Problem requirements: The material below holds pictures, which are to be left out; copy exactly the lines from the one with "Clinical Practice Guidelines" through the one with "Image of Stacked".

Supplied material:
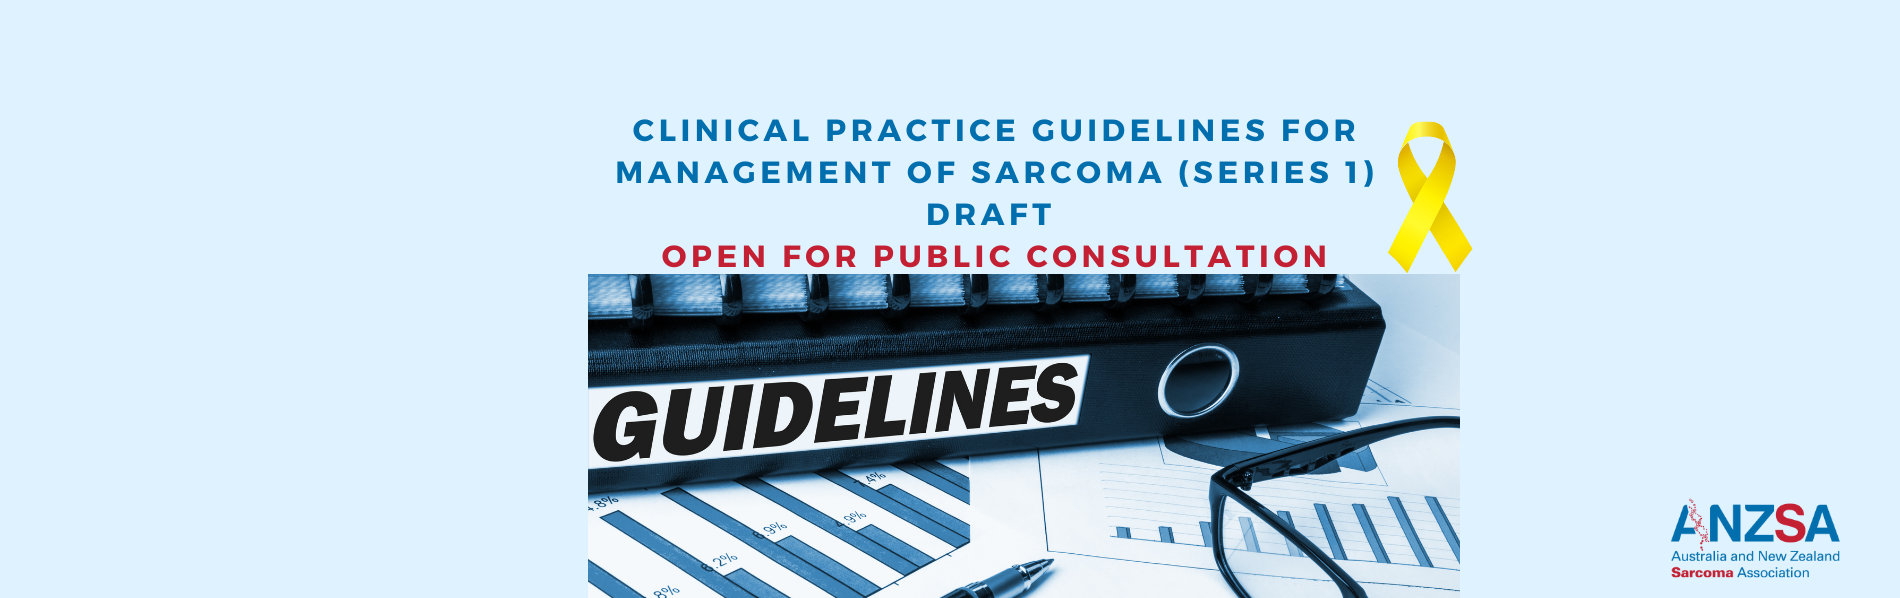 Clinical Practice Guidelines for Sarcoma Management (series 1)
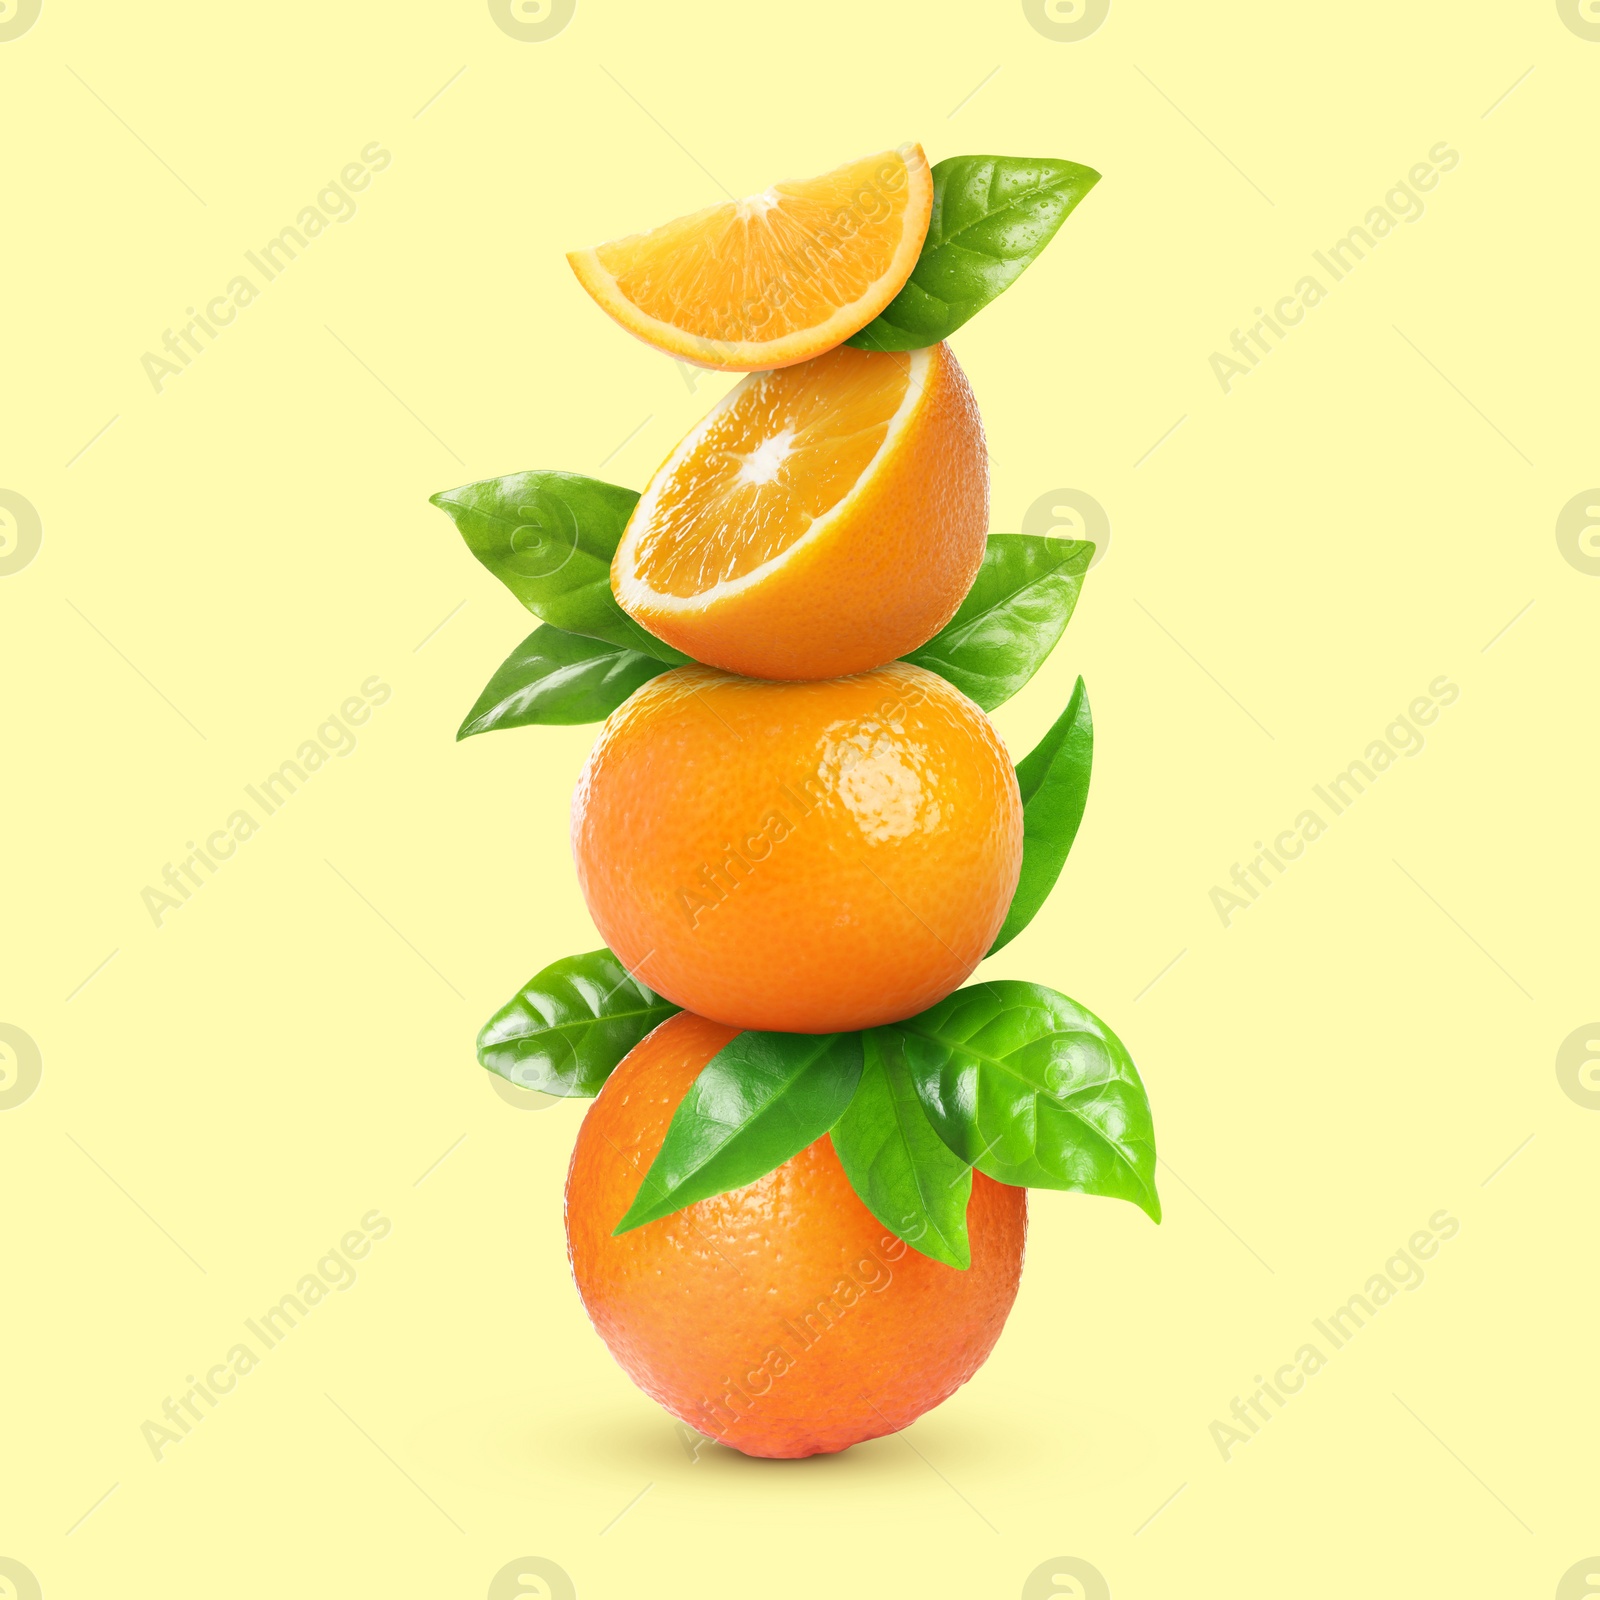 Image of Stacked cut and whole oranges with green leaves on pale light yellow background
...
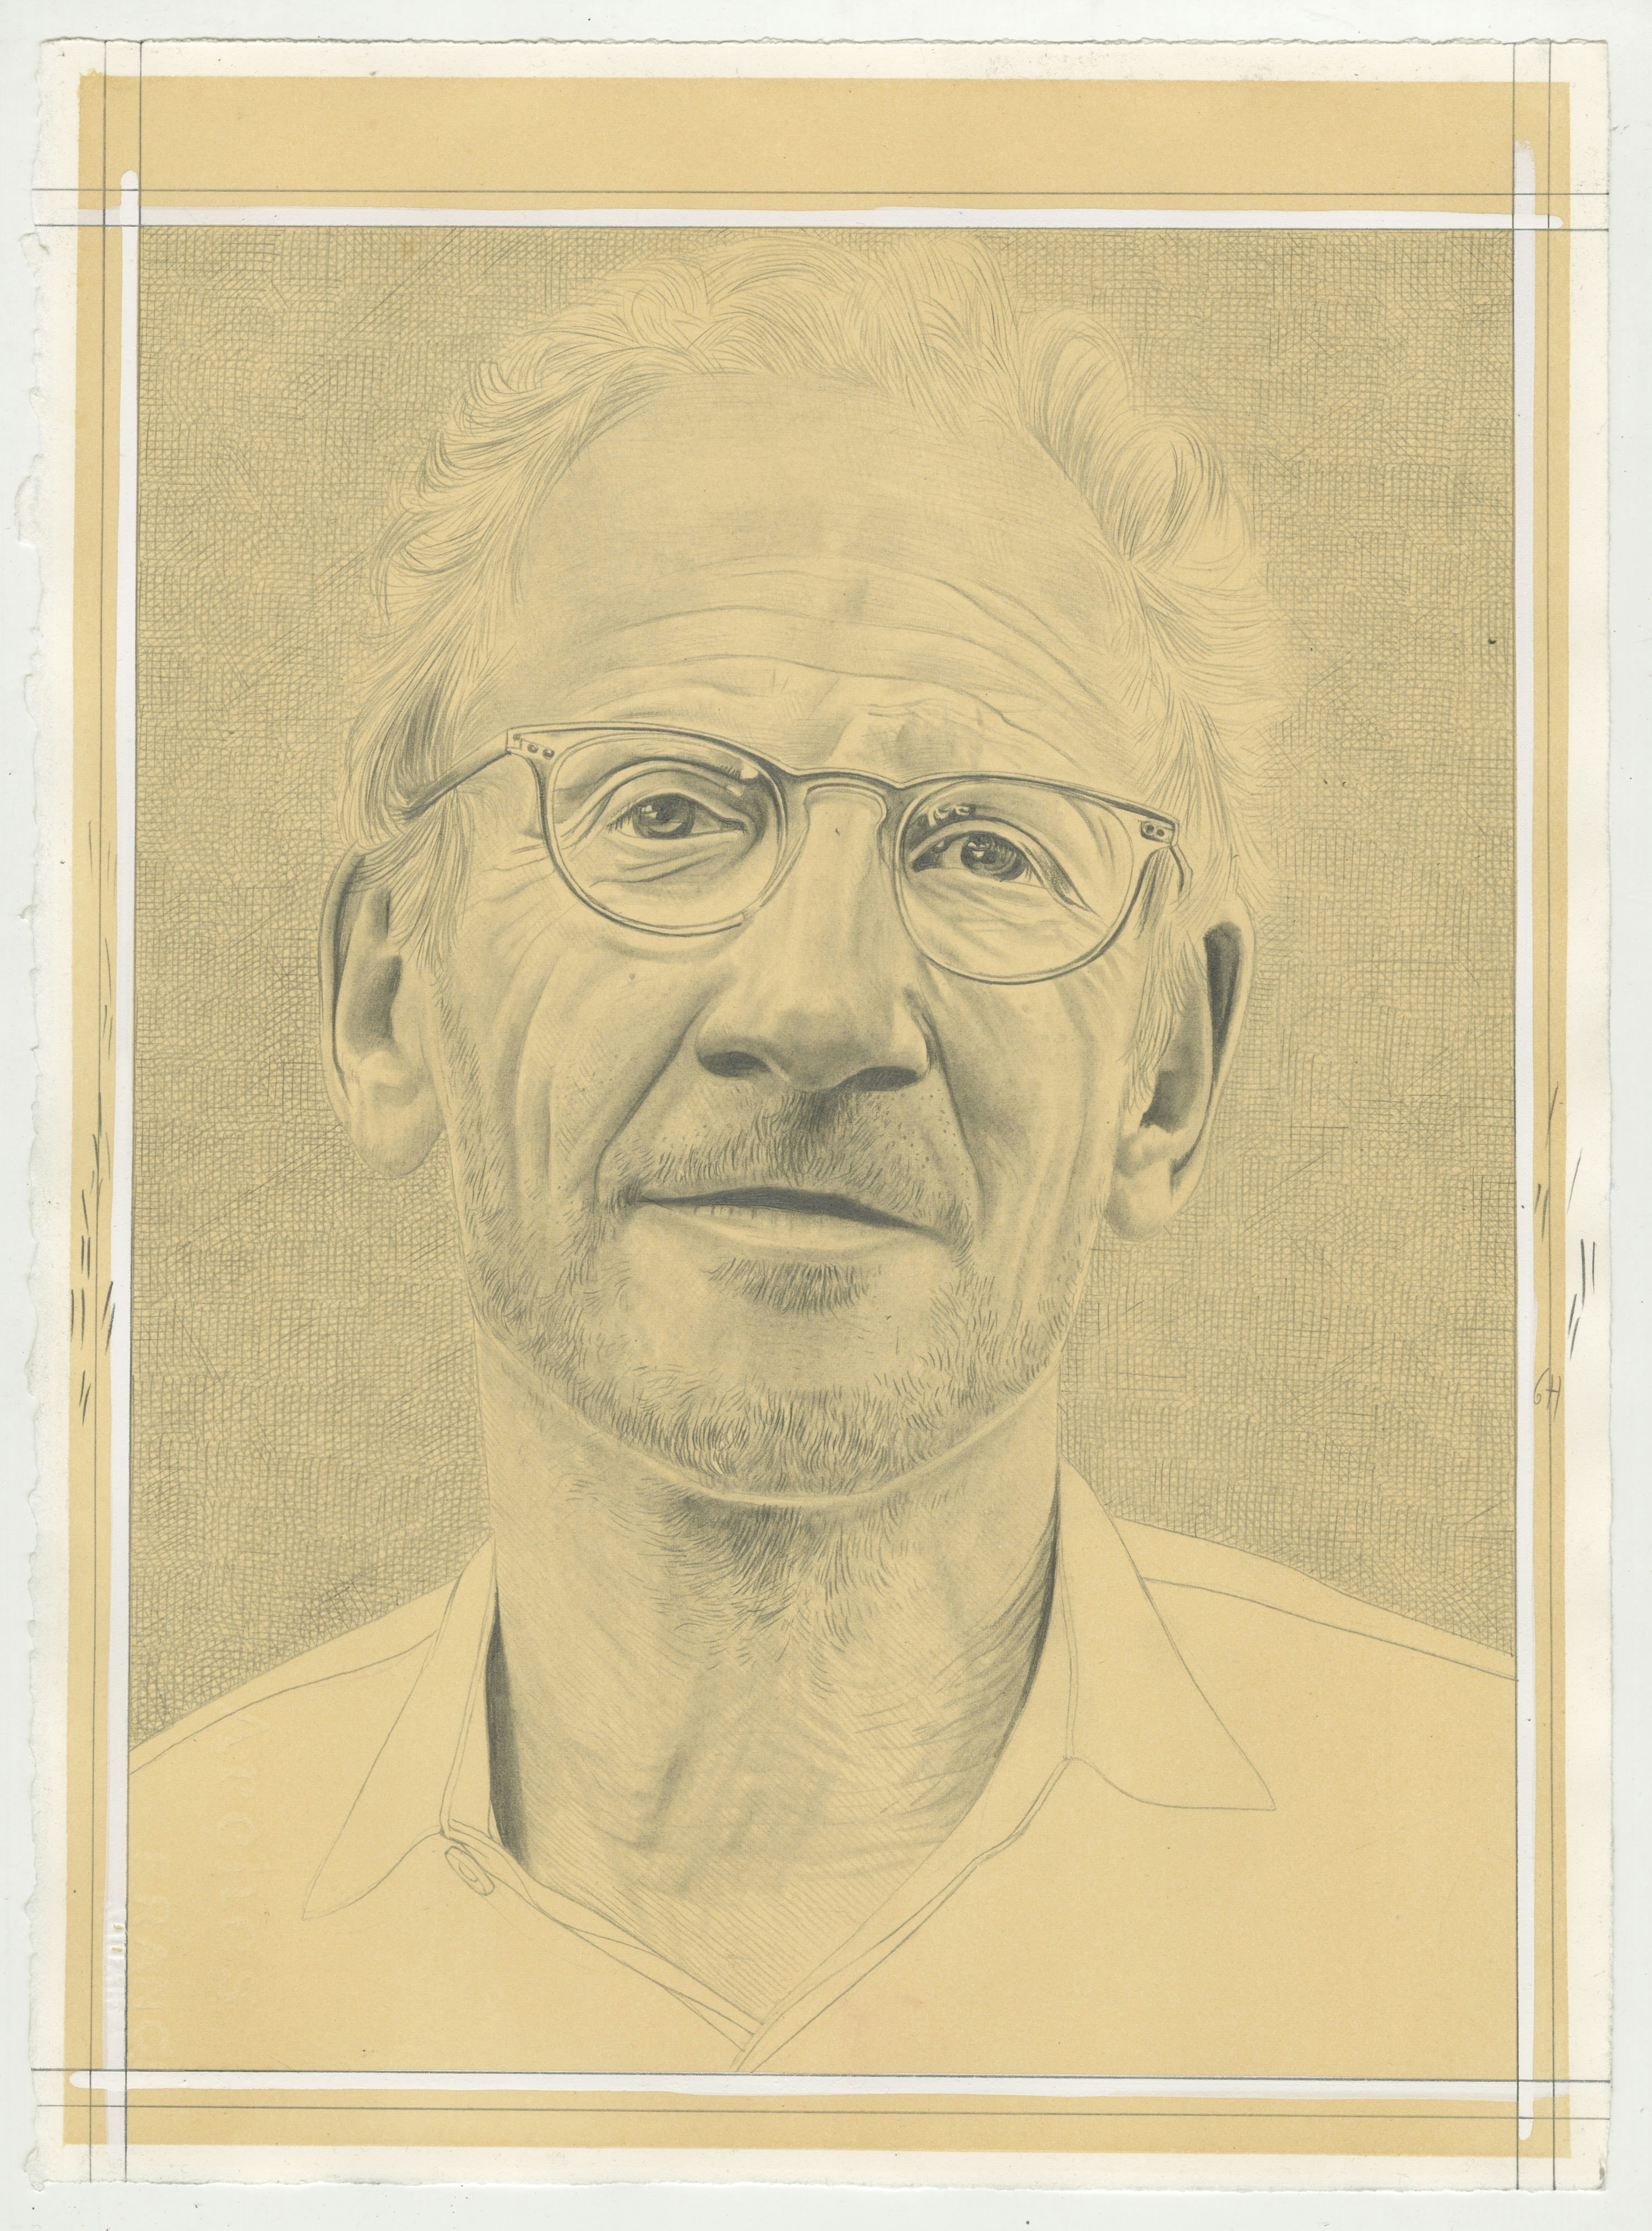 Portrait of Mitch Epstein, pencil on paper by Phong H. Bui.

Written response:
 Clinical Practice Guidelines for Sarcoma Management (series 1)
 Image of Stacked cut and whole oranges with green leaves on pale light yellow background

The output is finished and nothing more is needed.